Sabak  (Malay: Sabak) is a coastal town in Sabak Bernam District, Selangor, Malaysia. It is situated on the northwestern corner of Selangor, just south of the Bernam River, Selangor's natural border with Perak.

Major economic activities in the town are palm oil plantations ran by individuals as well as private organizations such as Sime Darby. This town is undergoing infrastructure development with added shops and drainage systems.

Sabak is the northernmost and westernmost town in Selangor, and is the furthest constituency from both Shah Alam and Kuala Lumpur. It is a 2-hour drive on Highway 5 from downtown Kuala Lumpur.

Politics and government
Sabak is represented in the Selangor State Legislative Assembly by PAS's Sallehen Mukhyi.

On the national level, Sabak town is within the Sabak Bernam electoral district, represented by Dato' Haji Mohd Fasiah bin Mohd Fakeh, from UMNO.

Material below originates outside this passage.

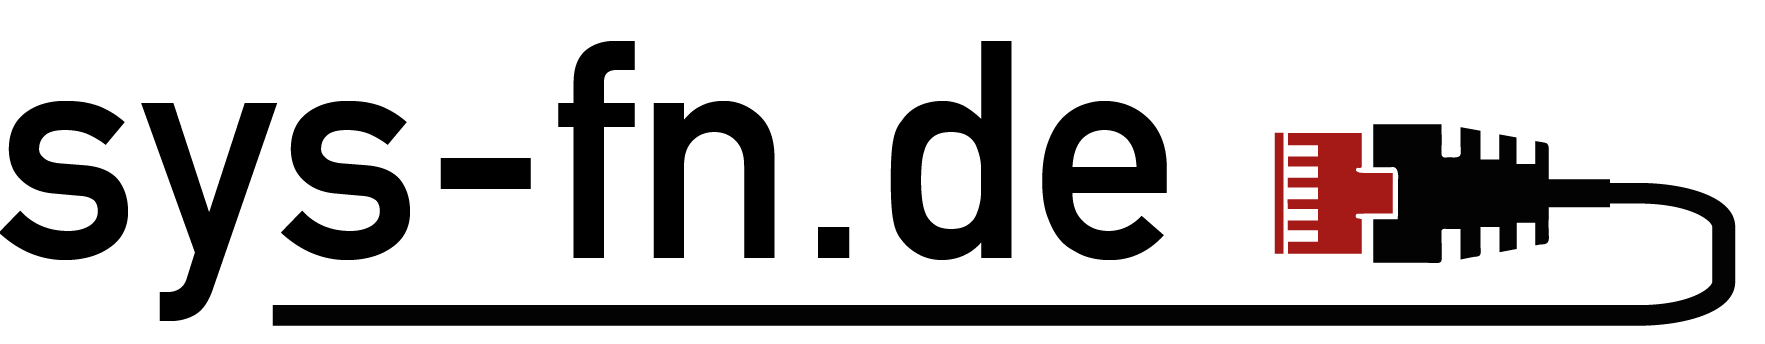 Logo sys fn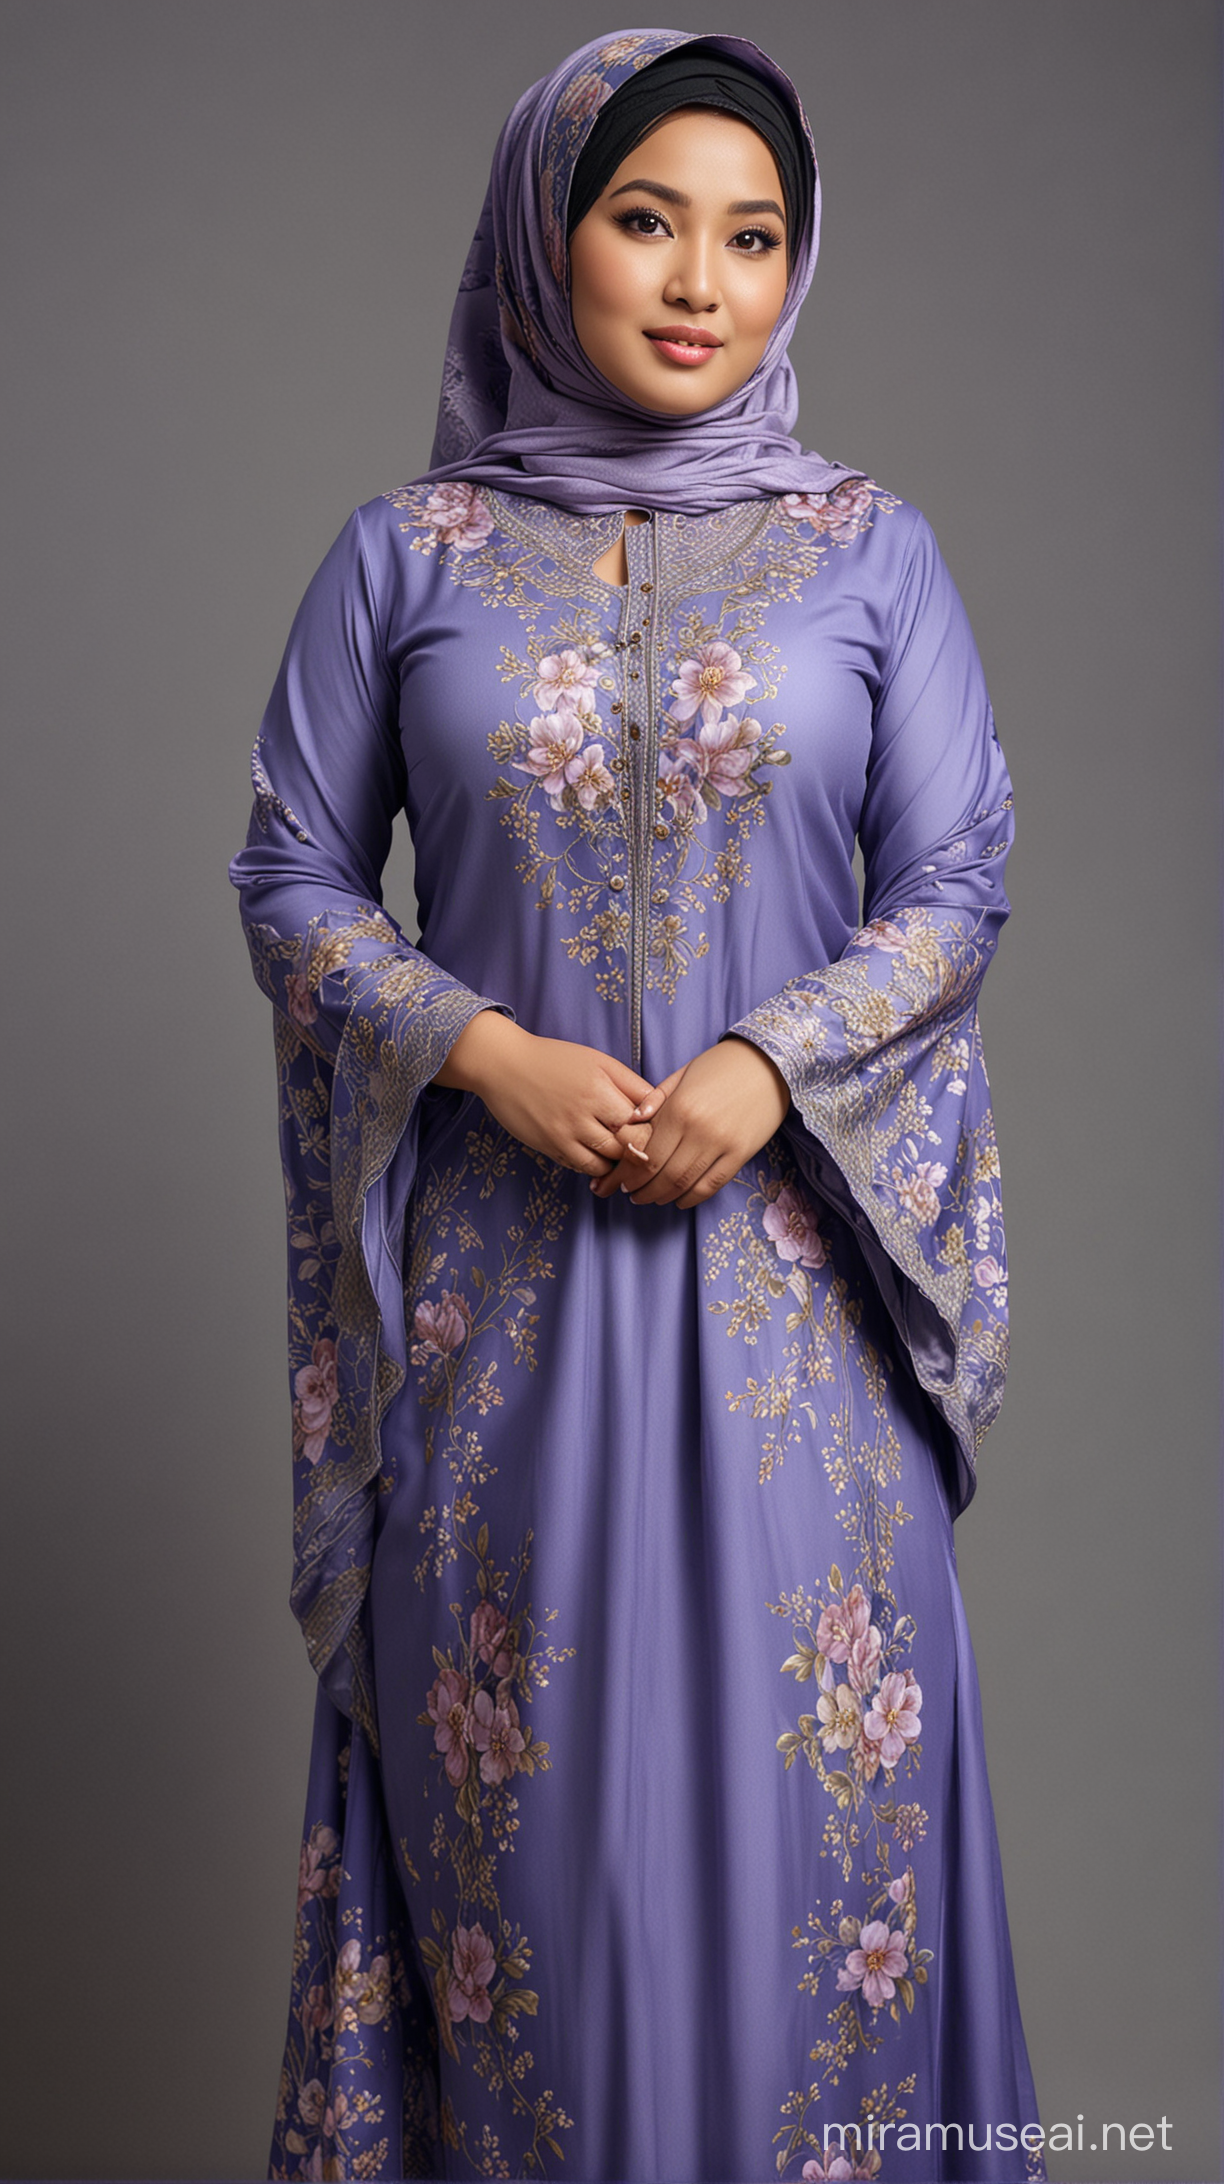 Elegant Plus Size Malay Woman in Royal Blue Hijab and Lavender Kebaya

Sabak town, along with the entire Sabak Bernam constituency, forms the municipal area of the Sabak Bernam District Council (Majlis Daerah Sabak Bernam).

Public transportation
Sabak Bernam is inaccessible from any railway/metro service, though there is a daily bus service, known as the Sabak Bernam-Kuala Lumpur Ekspres, running seven trips a day from Pudu Sentral ( LRT Plaza Rakyat/ MRT Merdeka) to Sabak Bernam, Sekinchan, Sungai Besar and as far as Teluk Intan.

Notable Attractions
 Sabak Bernam Waterfront
 Sabak Bernam Museum
 Bernam River boat ports

Places of Worship
 Masjid Jamek Sultan Hishamuddin
 Sabak Bernam Thien Hock Kong Temple (沙白安南河边街天福宫), founded in 1890
 Sabak Bernam Guan Di Temple (沙白安南河畔关帝庙)
 Sabak Bernam Theam Hock Keong (沙白安南天福宫)
 Sabak Bernam Tian Fa Gong (沙白安南六条沟天法宫)
 Sabak Bernam Xian Fa Shi Gong Temple (沙白安南仙法师公古庙)
 Sabak Bernam Pek Lian Si (沙白安南白莲寺)
 Lord Murugan Temple
 Maahad Sultan Salahuddin Abd Aziz Shah

Facilities
 Tengku Ampuan Jemaah Hospital
 Maybank Branch Sabak Bernam 
 Public Bank Branch Sabak Bernam 
 Bank Simpanan Nasional Branch Sabak Bernam 
 Oil Stations - 5Petrol, Shell, Petronas, BP, Caltex
 Police Station Sabak Bernam
 Road Transport Department Sabak Bernam (JPJ)
 Restaurants - Restoran Haziq, Restoran Al-Iman(RSK), Restoran Toman, KFC 
 MDSB Food Corners - Ali Mamak Corner(No.32)
 Good Stores - 7-Eleven, 99 Speedmart, Ten Ten Hypermarket, Billion Hypermarket
 4 Digit Number Betting Stores - Magnum Corporation, Damacai, Sports Toto

Educations
 SJK (T) Ladang Torkington - (Primary School)
 SJK (C) Lum Hua - (Primary School)
 SK Khir Johari - (Primary School)
 Sekolah Kebangsaan Dr. Abdul Latiff - (Primary School)
 Kolej Tingkatan Enam Tunku Abdul Rahman Putra [collage]
 Sekolah Menengah Ungku Aziz - (Secondary School)
 Sekolah Agama Menengah Muhammadiah Pekan Sabak 
 Ministry of Higher Education (Malaysia) 's Polytechnic of Sultan Idris Shah (PSIS), Sg Lang
 Institut Perakaunan Negara (IPN), Sg Lang
 Institut Latihan Dan Dakwah Selangor (ILDAS), Sg Lang
 Ministry of Higher Education (Malaysia) 's Community College of Sabak Bernam

Other Uses
Sabak is also name of a Hindi movie starring Shatrughan Sinha, released in 1973.